The Morning Brief: Nelson Peltz Has The Munchies; Starboard Gets Some Action at Wausau Paper

Nelson Peltz’s Trian Fund Management owns a stake in PepsiCo, the soft drink and snack food company, according to a news report citing a person familiar with the matter. London newspaper Telegraph first reported that Trian has been buying positions in PepsiCo and another snack food company, Mondelez International. According to regulatory filings, Trian did not own these stocks at year-end and probably has not amassed a 5 percent position, although if it was built in fewer than the most recent 10 days the fund would not yet have been required to file a disclosure.

Score one for Starboard Value. Wausau Paper announced it has agreed to sell its specialty paper business to a new company formed by private equity firm KPS Capital Partners. KPS will merge it with another paper company it agreed to acquire. Wausau has the option to own up to 25 percent of the new company, with the opportunity to earn up to an additional 5 percent interest if the new company achieves certain performance thresholds. Starboard, an activist hedge fund, recently reached a settlement with Wausau Paper, which agreed to nominate two new directors recommended by Starboard at the company’s 2013 annual meeting.

Jana Partners fired the latest salvo in its heated battle with Agrium. The hedge fund firm late Friday filed with the Securities and Exchange Commission a supplement containing a series of responses to statements made by the Canadian fertilizer company, asserting this should “put to rest new complaints made by Agrium.”

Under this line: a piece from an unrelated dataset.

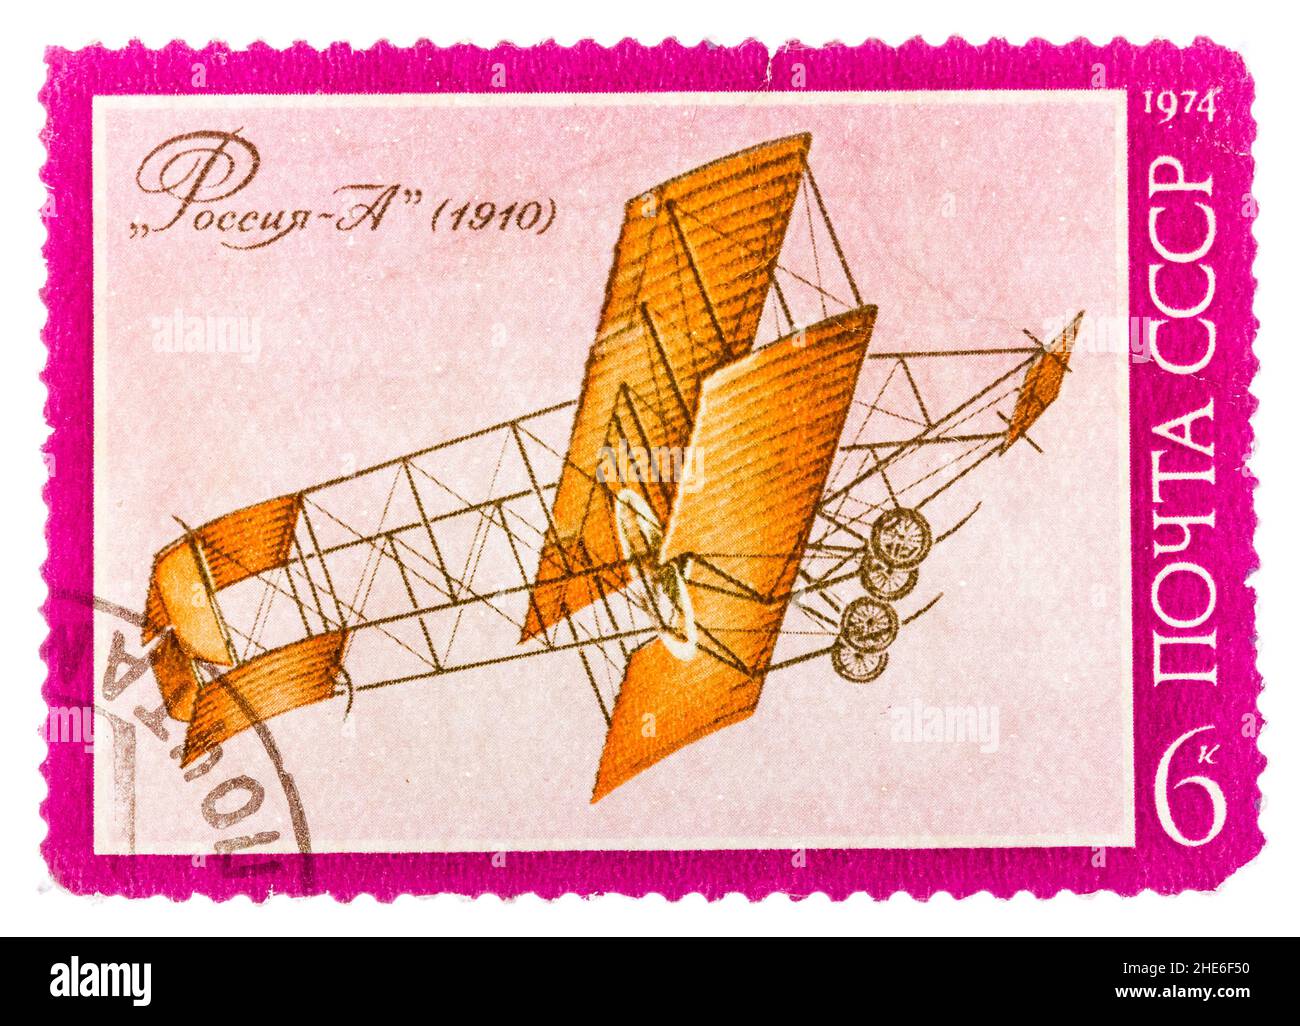 Il francobollo stampato dall'URSS (Russia) mostra velivoli Sikorsky con l'iscrizione "Russia A (1910)", della serie "la storia dell'aviazione in Russia" Foto Stock
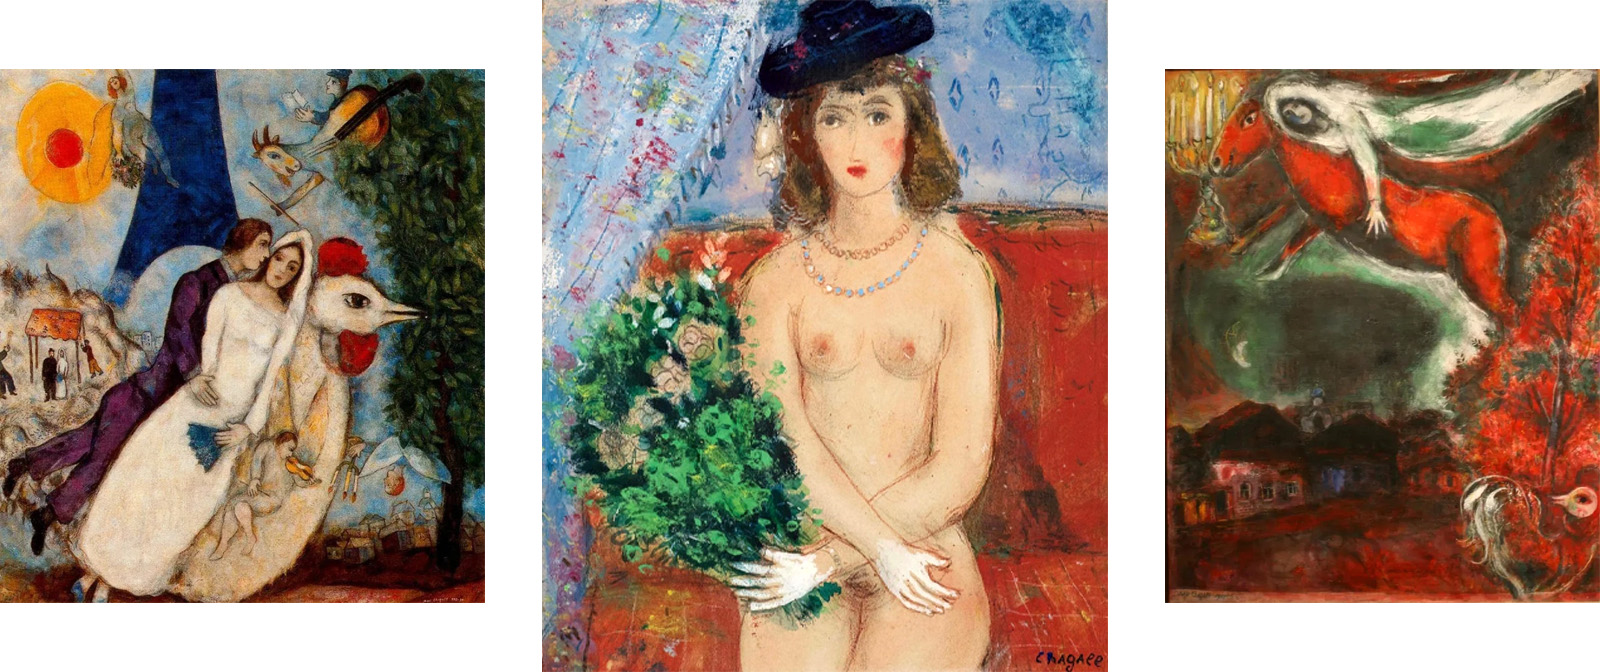 ​Почему Марк Шагал рисовал картины без одежды, а за их подлинники платят огромные деньги? История жизни художника, позволяющая лучше понять его творчество

The SEC on Friday brought civil charges against a Houston-based hedge fund manager and radio personality, alleging he defrauded investors in two hedge funds. According to the regulator, George Jarkesy Jr. and his firm, John Thomas Capital Management, renamed Patriot28 LLC, worked closely with Thomas Belesis in launching two hedge funds that raised $30 million. Jarkesy inflated valuations of the funds’ assets, causing investors to pay higher management and incentive fees, the regulator says. Jarkesy is also accused of lying to investors about the identity of the funds’ auditor and prime broker.
Morever the SEC alleges that, although Jarkesy and Belesis, who calls his firm John Thomas Financial, used the same “John Thomas” name, their two firms were touted as wholly independent. “Jarkesy led investors to believe that as manager of the funds, he was solely responsible for all investment decisions,” according to the SEC. “However, Belesis sometimes supplanted Jarkesy as the decision maker and directed some investments from the hedge funds into a company in which his firm was heavily invested.” According to the complaint, Belesis at one point “angrily complained via e-mail” that Jarkesy was not steering enough money to John Thomas Financial.

Gibraltar wants to join the hedge fund party. The puny British territory is wooing Brazilian and other Latin American firms, promoting its stability, access to the European Union and favorable tax policy, which does not tax interest, dividends and capital gains.

Citadel’s Kenneth Griffin is not seeking reelection to the Board of E*Trade financial. Earlier this month, the hedge fund firm, which had been pushing the financial services firm to be sold, said it will sell its remaining 27.4 million shares, or 9.6 percent of the outstanding shares, through a secondary offering.